Please return the lines from the one with "BRUCLE Kompakte Mini-Geldbörse" through the end of the listing below, word for word, with every picture left out.

## Source material
_ _ _ _

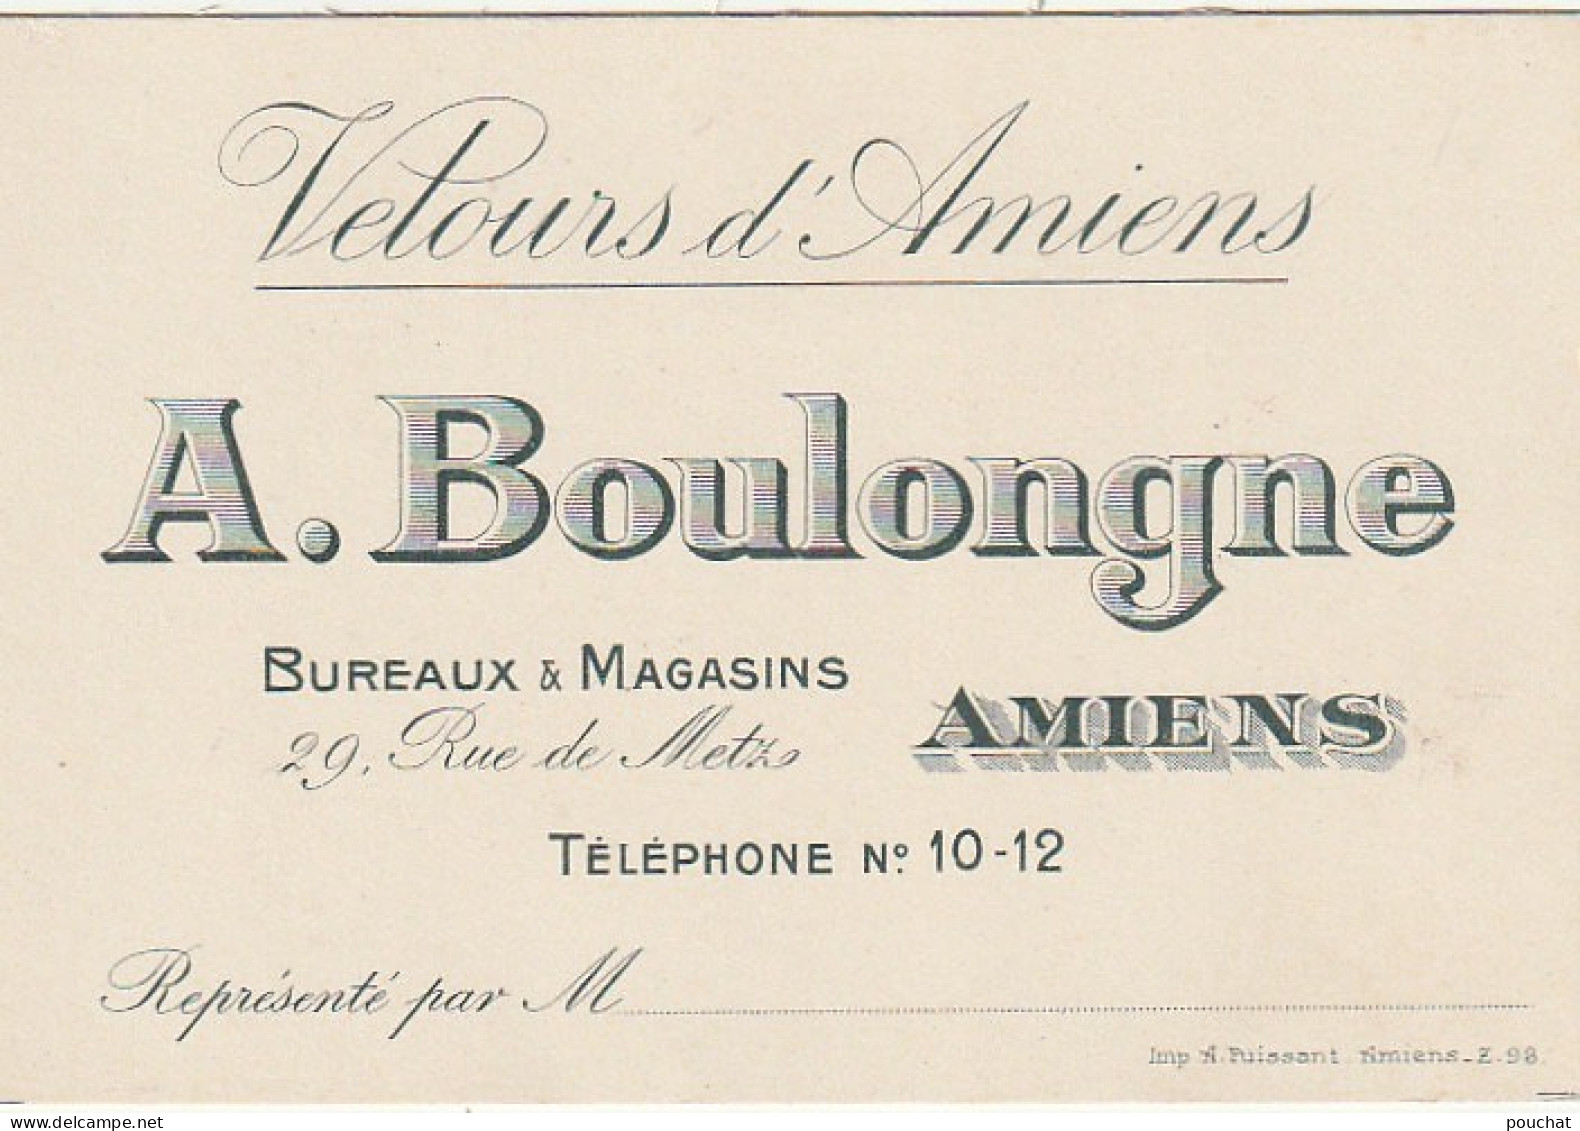 KO 6- (80) " VELOURS D' AMIENS " - A . BOULONGNE - BUREAUX & MAGASINS , RUE DE METZ , AMIENS- CARTE DE VISITE - 2 SCANS - Cartes De Visite
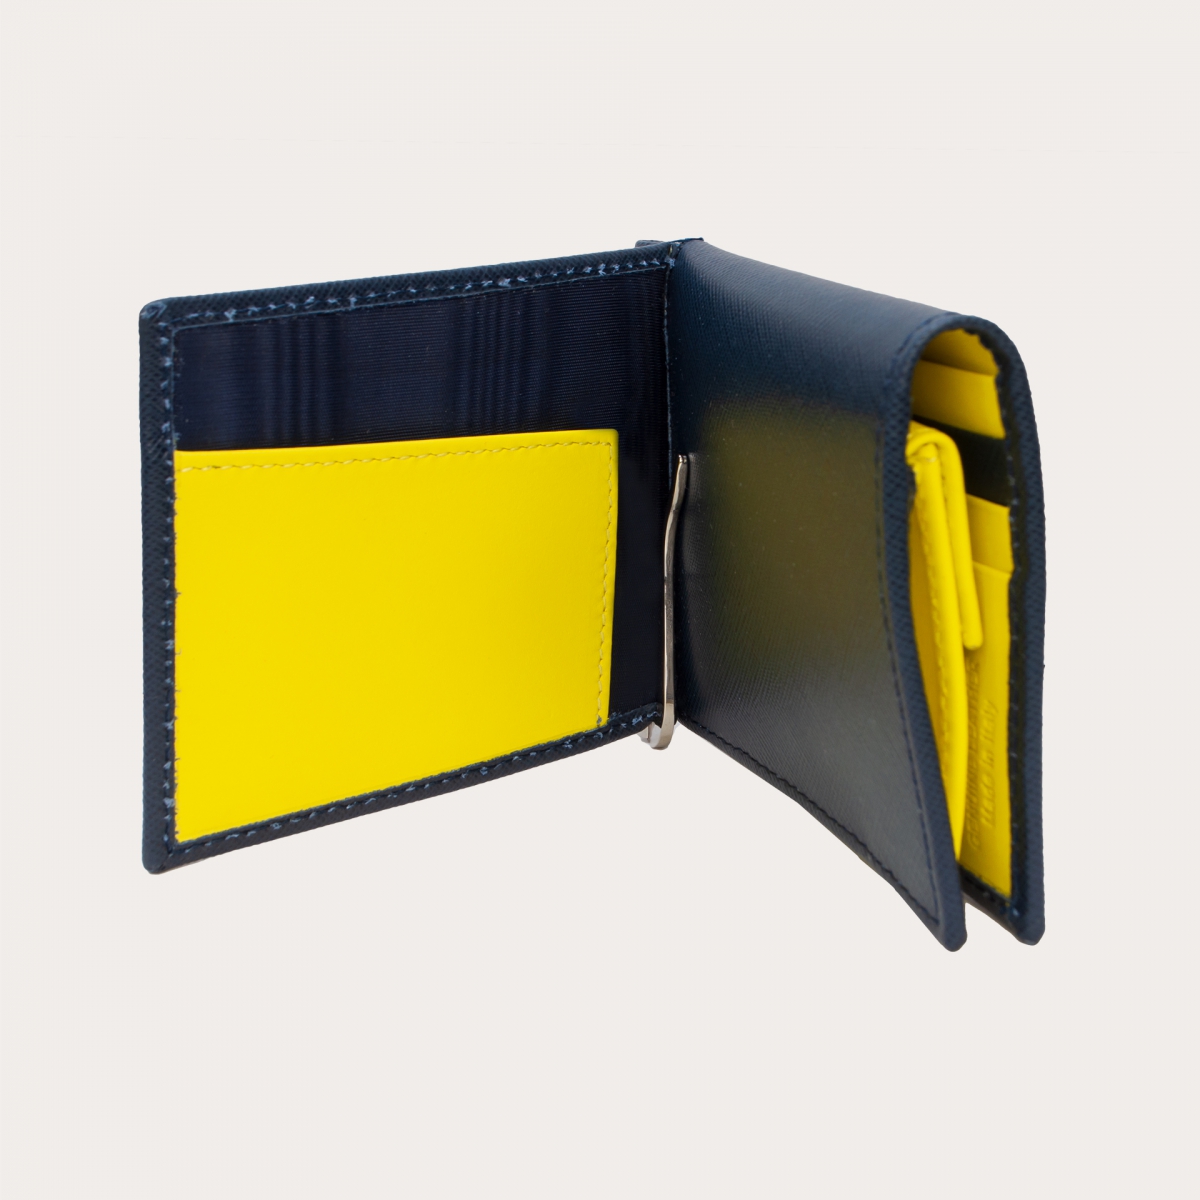 BRUCLE Kompakte Mini-Geldbörse aus Saffiano-Leder mit Geldscheinklammer und Geldbörse, blau und gelb
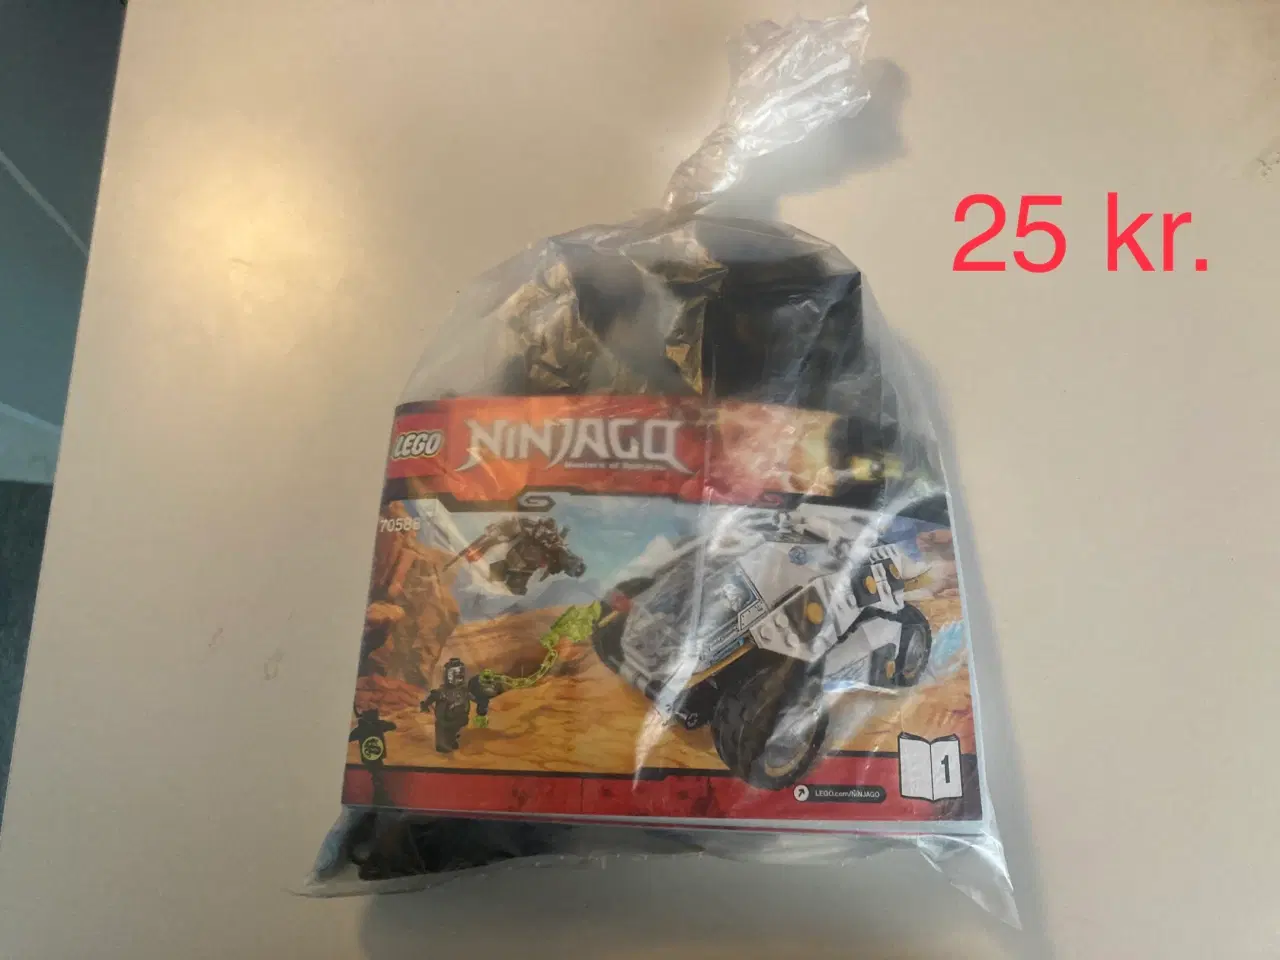 Billede 12 - Legosæt sælges (priserne er fra 5 kr. til 200 kr.)

_ _ _ _

## Solved exercise
 BRUCLE Kompakte Mini-Geldbörse aus Saffiano-Leder mit Geldscheinklammer und Geldbörse, blau und gelb
 Billede 12 - Legosæt sælges (priserne er fra 5 kr. til 200 kr.)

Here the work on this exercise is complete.